939 N Hill St., Los Angeles, CA 90012 / (213) 625-2823

 

BEST UBER ADVENTURE:

Mariachi Square, El Huarachito, 4th St. Bridge or Cesar E. Chavez Bridge

Undertake this adventure just before sunrise. 1. Summon Uber or Lyft. 2. Proceed here for a mindblowing tour of a Los Angeles almost no visitor ever sees: The plaza is bounded by E. 1st Street to the south, N. Boyle Avenue to the west, and a small residential street named Pleasant Avenue to its north. 3. Google El Huarachito (it’s close). This mom-and-gramma-run joint serves the best Mexican breakfast in the city. 4. At dawn, the lack of traffic means you have a five minute drive to the historic and grand bridges spanning the LA River and the railyards of Downtown. Proceed west toward downtown on the bridge as the sunrise reflects off the city like quartz turned to opal. 5. Tip your driver, they’ve been patient.

LISTEN / WATCH:

Club Nokia

As much as I like to champion the indie little guy (The Smell, The Bootleg) if you’re only in town for a little while and you want the best chance of seeing a solid act, the Club Nokia is your joint. Mind you, it’s located in the semi-cheezy LA Live, and remember, it is NOT the big Nokia Theater. It’s small enough to snag quality acts before they get too pricey and sell on Ticketmaster out in 5 minutes; it’s big enough to pack a great show.

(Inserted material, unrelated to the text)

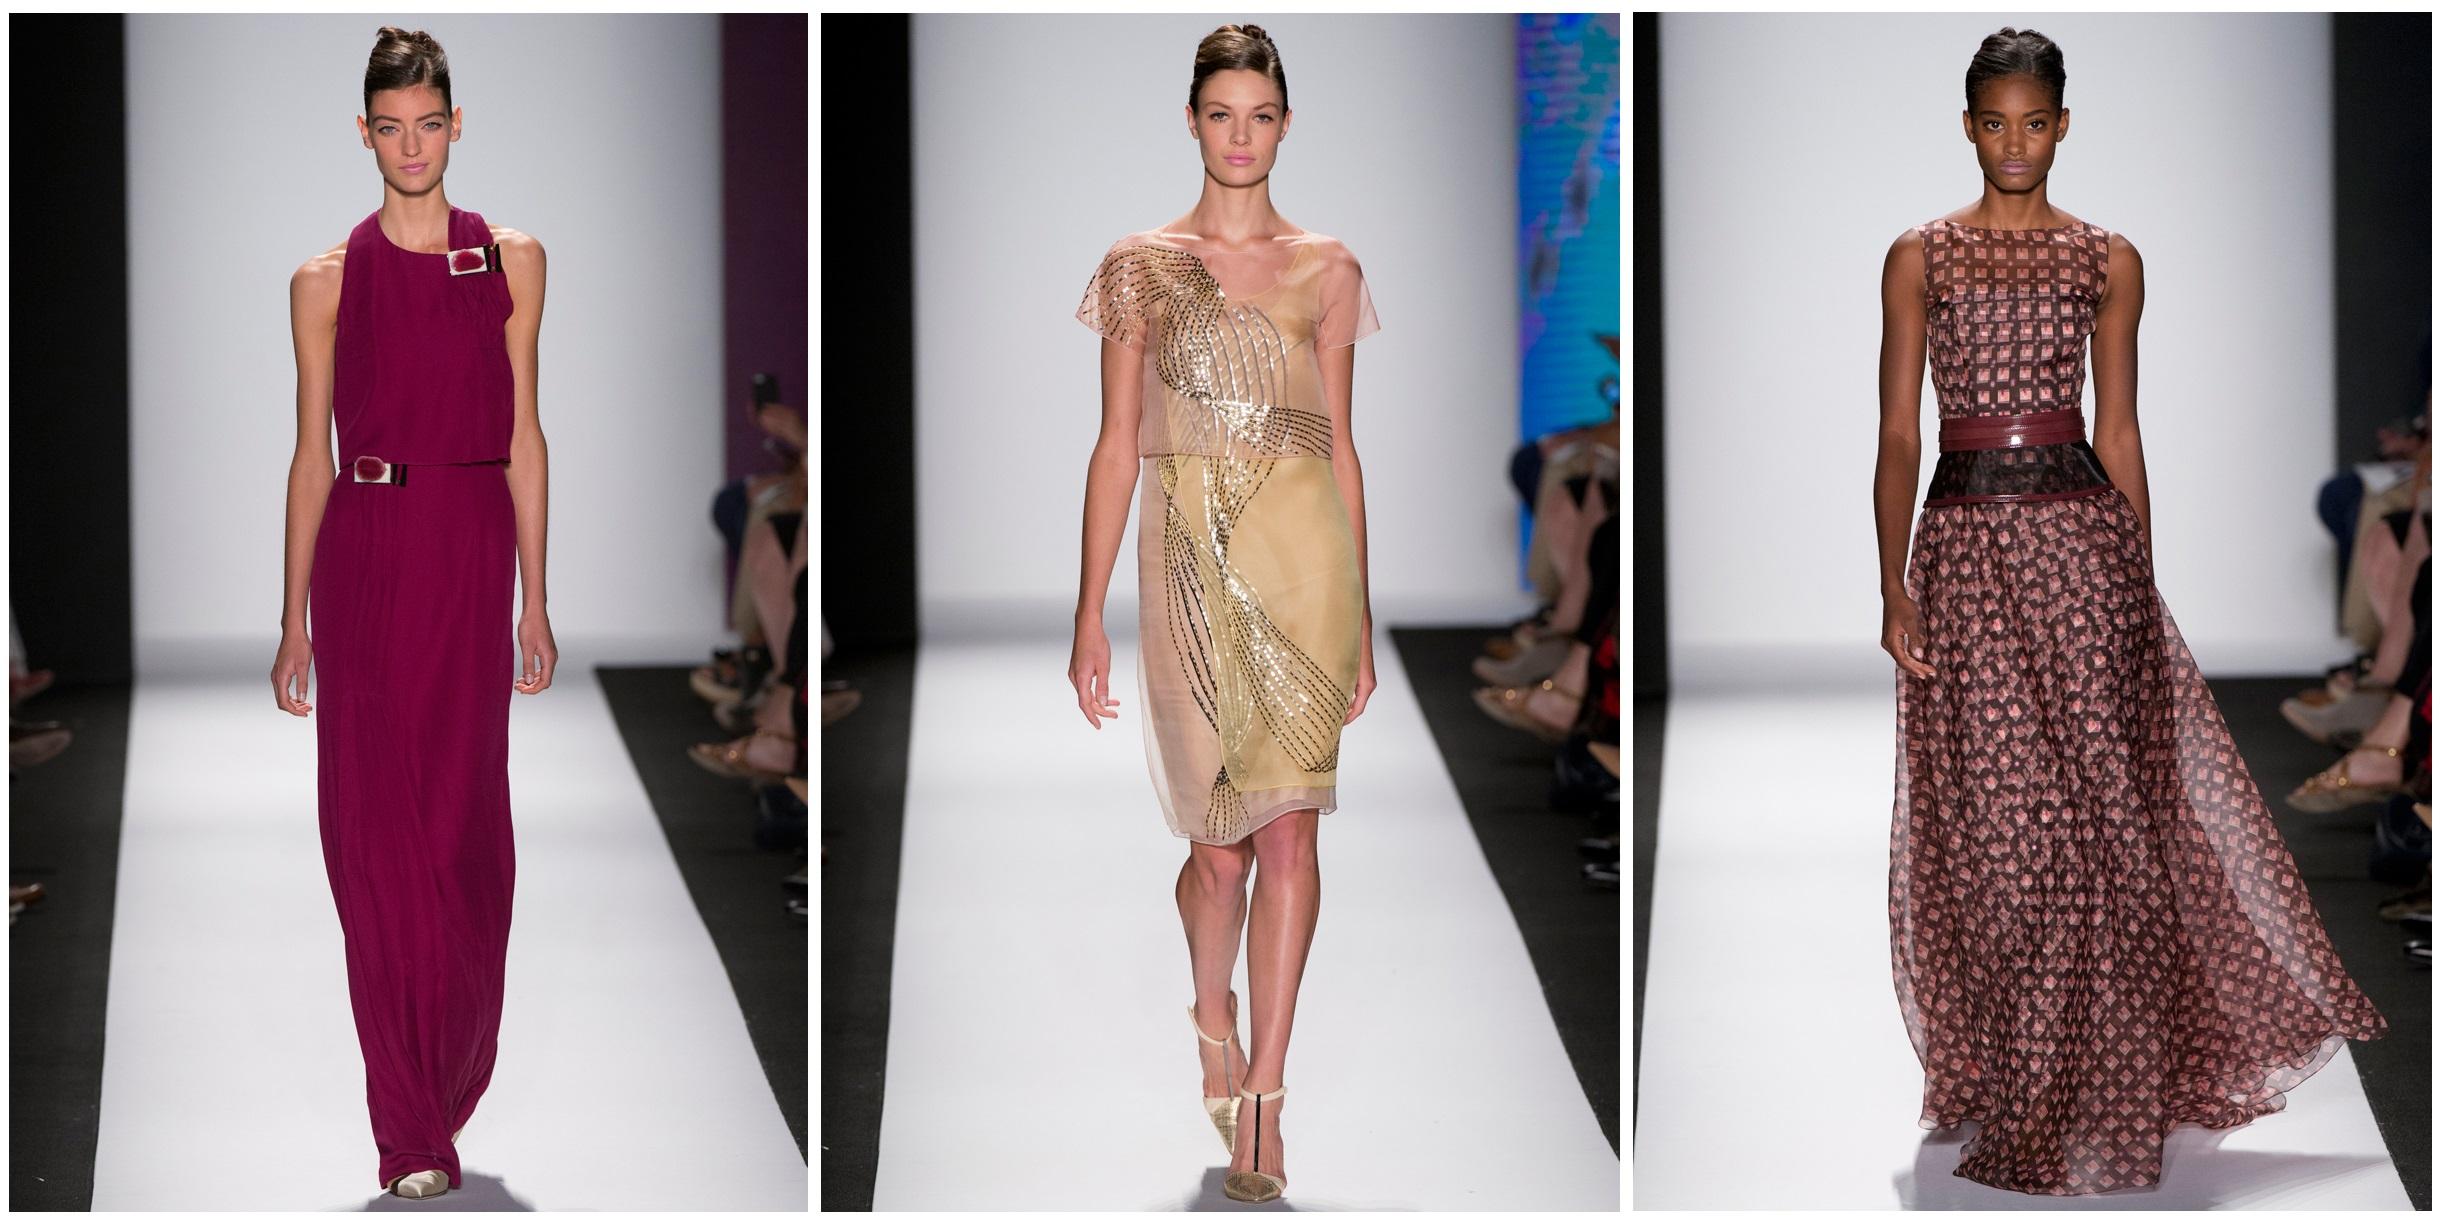 Carolina Herrera Spring 2014 Collection New York Fashion Week 2

800 West Olympic Blvd, Ste A335, Los Angeles, CA 90015 / (213) 765-7000 / clubnokia.com

Villains

If mainstream ain’t your bag, this steampunk/dark-circus big top in the black heart of the arts district, just east of downtown, always offers the best Mason jar drinks around and a slightly illicit sense of partying in a secret, here-tonight, vanished-tomorrow tent with the freaks. Villains‘ live music often has a slightly swoony, old-school vibe, and standard bar fare like burgers accompany charming additions like caramel corn, wee hand pies, and boozy snow cones. Half the menu is secret, including the drinks, so always ask your server what’s good.

1356 Palmetto St., Los Angeles, CA 90013 / (323) 637-4153 / villainstavern.com

CREEPED OUT:

“Stay” Hotel On Main

The former Hotel Cecil, reputed to have once housed a Mister Charlie Manson, has a checked past and any walk through its halls will leave you with a notion that a flood of blood is approaching just around the corner. The recent video of a young female guest apparently losing her mind, hiding in the elevator from no discernible threat, her subsequent disappearance and the recovery of her body from a rooftop watertower weeks later was bad enough; now we’re hearing of sightings of ghosts. The night watchman will regale you with stories—he’s very kind and helpful—and, to its credit, the attached storefront next door is home to a hilarious art installation. YMMV.

636 S Main St., Los Angeles, CA 90014 / (213) 213-7829 / stayonmain.com

Esotouric

Founded by writers and historians Kim Cooper and Richard Schave, these experts in all things weird about LA offer constant Esotouric bus tours into the secret heart of the home of noir. From “The Real Black Dahlia” to “Hotel Horrors and Main Street Vice,” (plus dozens more with true crime, literary, and LA-focused explorations of culture and spirituality throughout the city’s history), there are no better guides – or hand-holders if you bug out.